Opioids affect dopamine neurotransmission in the nucleus accumbens via the disinhibition of dopaminergic pathways as a result of inhibiting the GABA-based projections to the ventral tegmental area (VTA) from the rostromedial tegmental nucleus (RMTg), which negatively modulates dopamine neurotransmission. In other words, opioids inhibit the projections from the RMTg to the VTA, which in turn disinhibits the dopaminergic pathways that project from the VTA to the nucleus accumbens and elsewhere in the brain.

The differences in the genetic regions encoding the dopamine receptors for each individual may help to elucidate part of the risk for opioid addiction and general substance abuse. Studies of the D2 Dopamine Receptor, in particular, have shown some promising results. One specific SNP is at the TaqI RFLP (rs1800497). In a 2014 study of 530 Han Chinese heroin-addicted individuals from a Methadone Maintenance Treatment Program, those with the specific genetic variation showed higher mean heroin consumption by around double those without the SNP. This study helps to show the contribution of dopamine receptors to substance addiction and more specifically to opioid abuse.

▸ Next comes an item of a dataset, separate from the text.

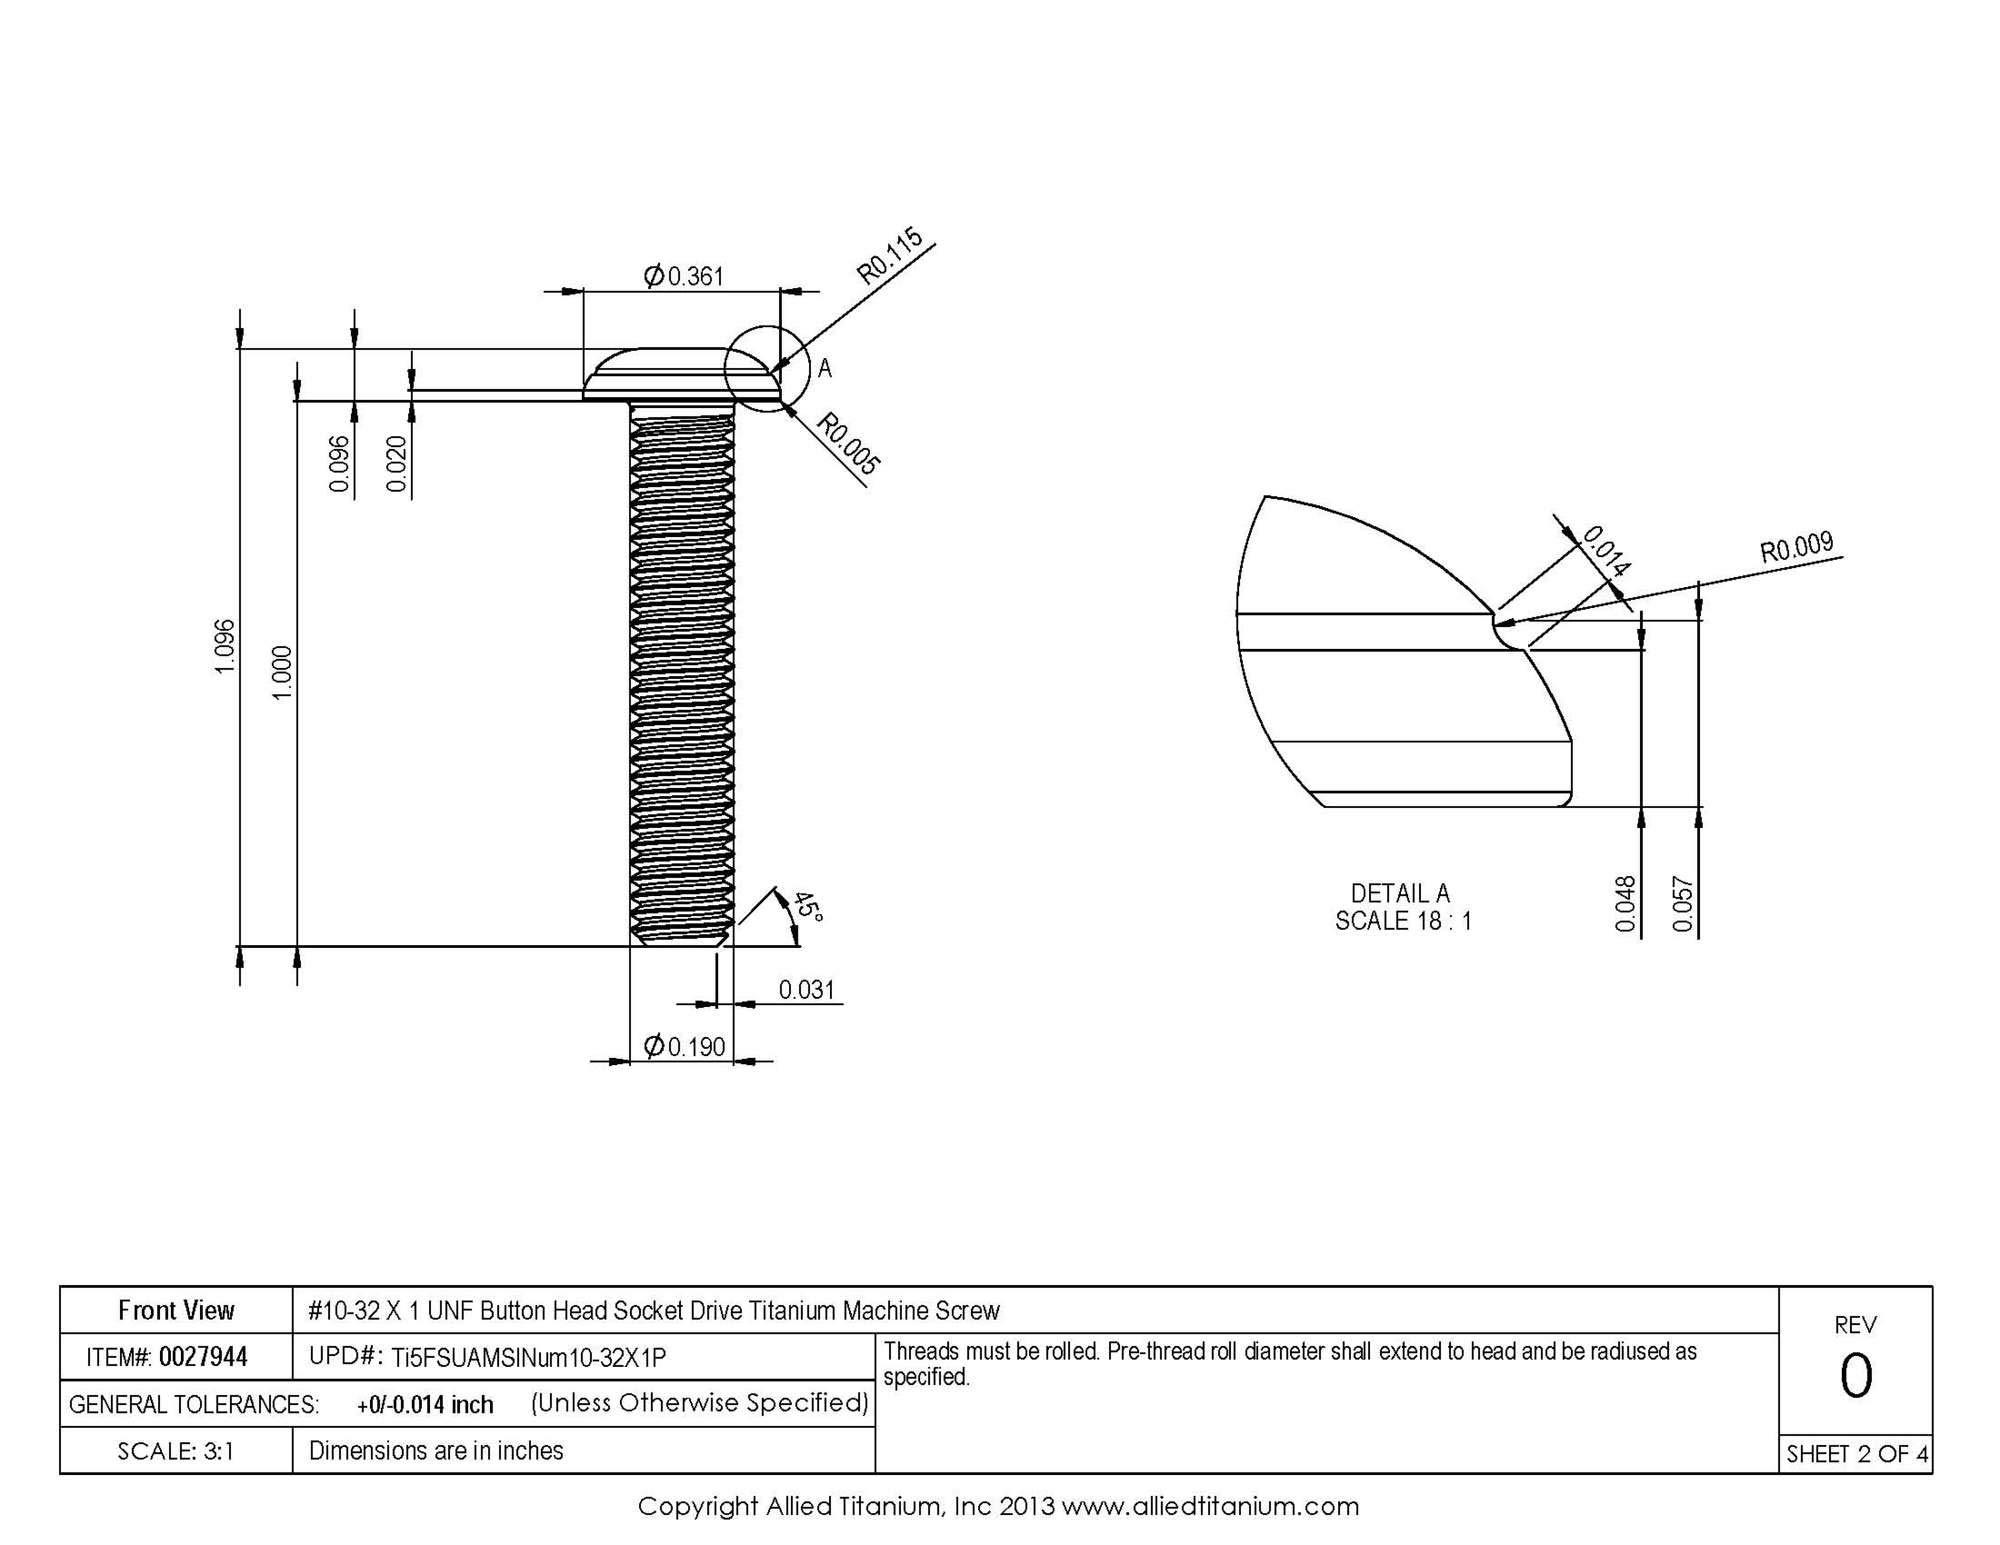 Allied Titanium 0027944, (Pack of 10) #10-32 X 1 UNF Button Head Socket Drive Machine Screw, Grade 5 (Ti-6Al-4V) by Allied Titanium (Image #3)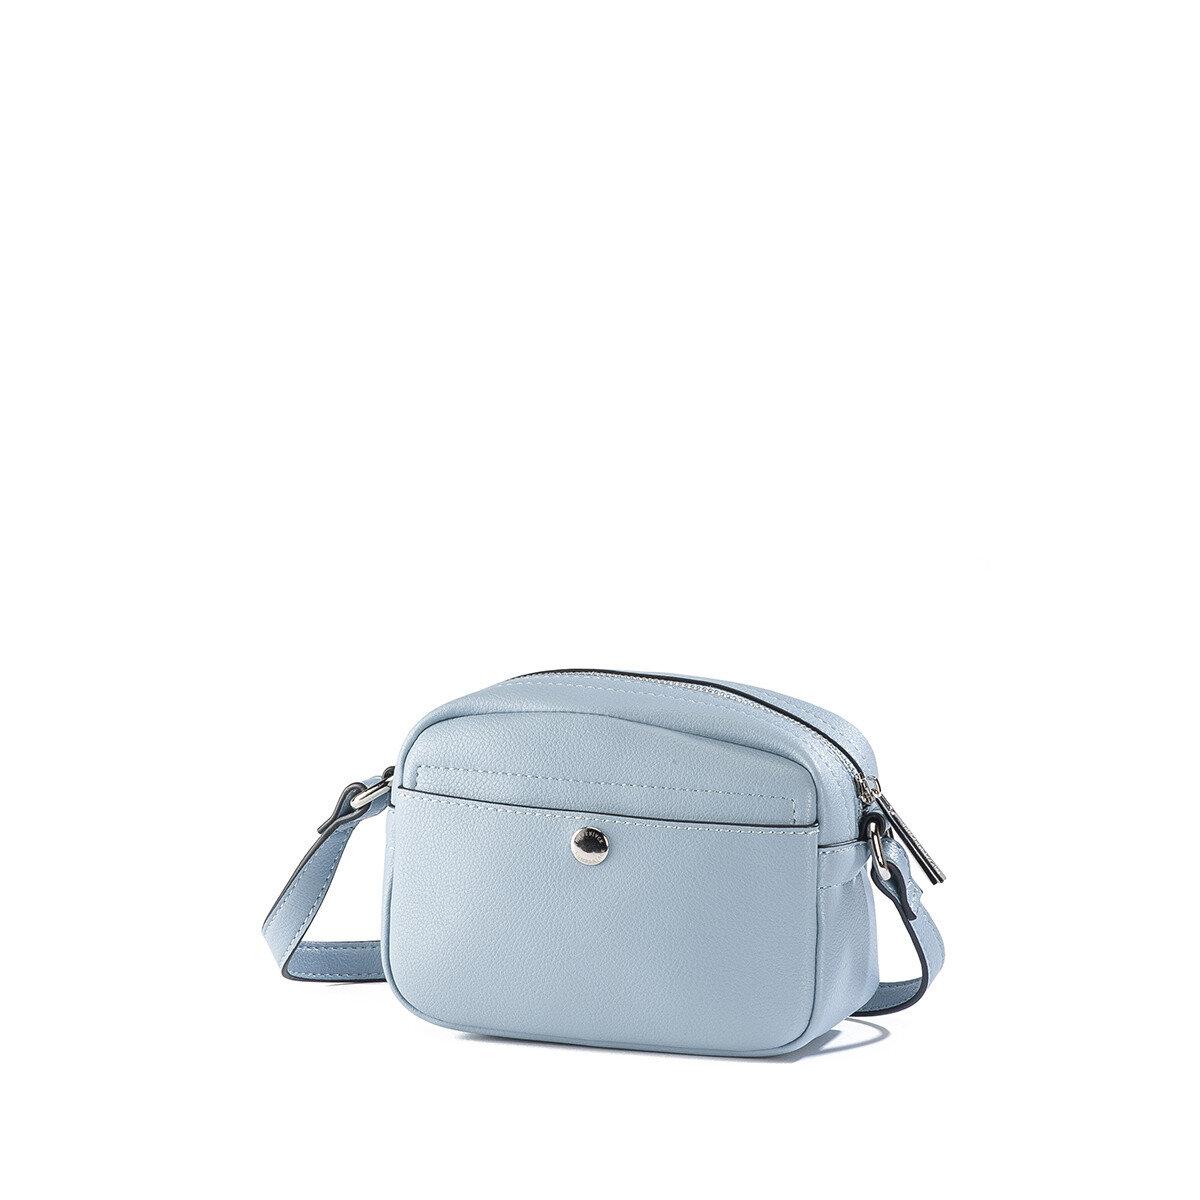 WPROJ.06 GREY Woman Shoulder bags

Neuroimaging has shown functional and structural alterations in the brain. Chronic intake of opioids such as heroin may cause long-term effects in the orbitofrontal area (OFC), which is essential for regulating reward-related behaviors, emotional responses, and anxiety. Moreover, neuroimaging and neuropsychological studies demonstrate dysregulation of circuits associated with emotion, stress and high impulsivity.

===Dependence===
Opioid dependence can occur as physical dependence, psychological dependence, or both. Drug dependence is an adaptive state associated with a withdrawal syndrome upon cessation of repeated exposure to a stimulus (e.g., drug intake). Dependence is a component of a substance use disorder. Opioid dependence can manifest as physical dependence, psychological dependence, or both.

Increased brain-derived neurotrophic factor (BDNF) signaling in the ventral tegmental area (VTA) has been shown to mediate opioid-induced withdrawal symptoms via downregulation of insulin receptor substrate 2 (IRS2), protein kinase B (AKT), and mechanistic target of rapamycin complex 2 (mTORC2). As a result of downregulated signaling through these proteins, opiates cause VTA neuronal hyperexcitability and shrinkage (specifically, the size of the neuronal soma is reduced). It has been shown that when an opiate-naive person begins using opiates in concentrations that induce euphoria, BDNF signaling increases in the VTA.

Upregulation of the cyclic adenosine monophosphate (cAMP) signal transduction pathway by cAMP response element binding protein (CREB), a gene transcription factor, in the nucleus accumbens is a common mechanism of psychological dependence among several classes of drugs of abuse. Upregulation of the same pathway in the locus coeruleus is also a mechanism responsible for certain aspects of opioid-induced physical dependence.

A scale was developed to compare the harm and dependence liability of 20 drugs. The scale uses a rating of zero to three to rate physical dependence, psychological dependence, and pleasure to create a mean score for dependence. Selected results can be seen in the chart below. Heroin and morphine both scored highest, at 3.0.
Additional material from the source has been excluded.